# Matrix multiplication ok this way?

Question asked by drknoerig77 on Sep 22, 2013
Latest reply on Sep 25, 2013 by himanshu.gautam

I wrote a small matrix multiplication kernel for self-educational purposes:

/**

* @brief Matrix multiplication kernel.

* @param A The matrix as concencated row vectors.

* @param x Multiplicant vector (size: number of columns in A)

* @param y Result vector A*x (size: number of rows in A)

* @param nRows Number of rows in the matrix.

* @param nCols Number of columns in the matrix.

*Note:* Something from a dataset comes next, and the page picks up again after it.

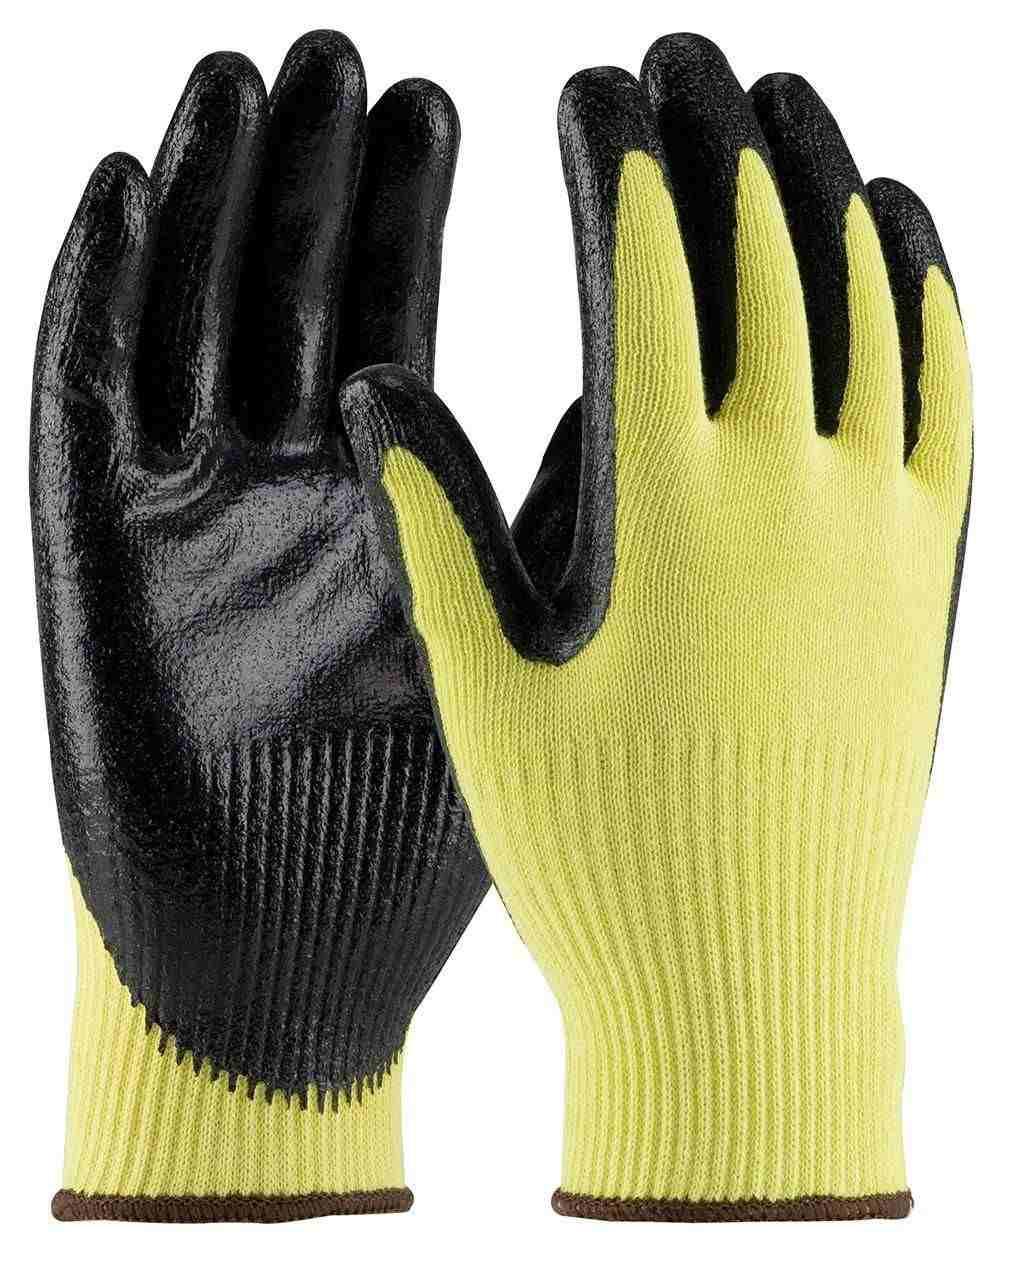 Pip G Tek 09 K1660 Seamless Microfinish Knit Kevlar

* @param xbuffer Local memory buffer for the multiplicant vector.

*/

__kernel void matrixMultiplication(__global double *A,__global double *x,__global double *y,unsigned int nRows,unsigned int nCols,__local double *xbuffer,__local double *resultBuffer)

{

int column=get_local_id(0); // equals the column number

int row=get_group_id(0); // fetch the workgroup number - should be the row number

int globalID=get_global_id(0);

xbuffer[column]=x[column];

barrier(CLK_LOCAL_MEM_FENCE);

resultBuffer[column]=xbuffer[column]*A[globalID];

barrier(CLK_LOCAL_MEM_FENCE);

double sum=0;

if(column==0)

{

for(int k=0;k<nCols;k++) sum += resultBuffer[k];

y[row]=sum;

}

}

I call the kernel this way:

cl::NDRange globalSize(A.getNumberOfRows()*A.getNumberOfColumns());
cl::NDRange localSize(A.getNumberOfColumns());
rcpp::KernelFunctor vektorSquareFunc(matrixMultiplicationKernel,queue,globalSize,localSize);
vektorSquareFunc(cl::Buffer(A),
cl::Buffer(x),
cl::Buffer(y),
A.getNumberOfRows(),
A.getNumberOfColumns(),
rcpp::KernelFunctor::createLocalMemoryBuffer<double>(A.getNumberOfColumns()),
rcpp::KernelFunctor::createLocalMemoryBuffer<double>(A.getNumberOfColumns()));

It works basically.

My questions are:

1. Is it ok to set the matrix column size as local/workgroup size argument?

2. Is the usage of the memory fences and the local memory ok?

3. How to handle the sum-up of the row-vector/vector product in a better way?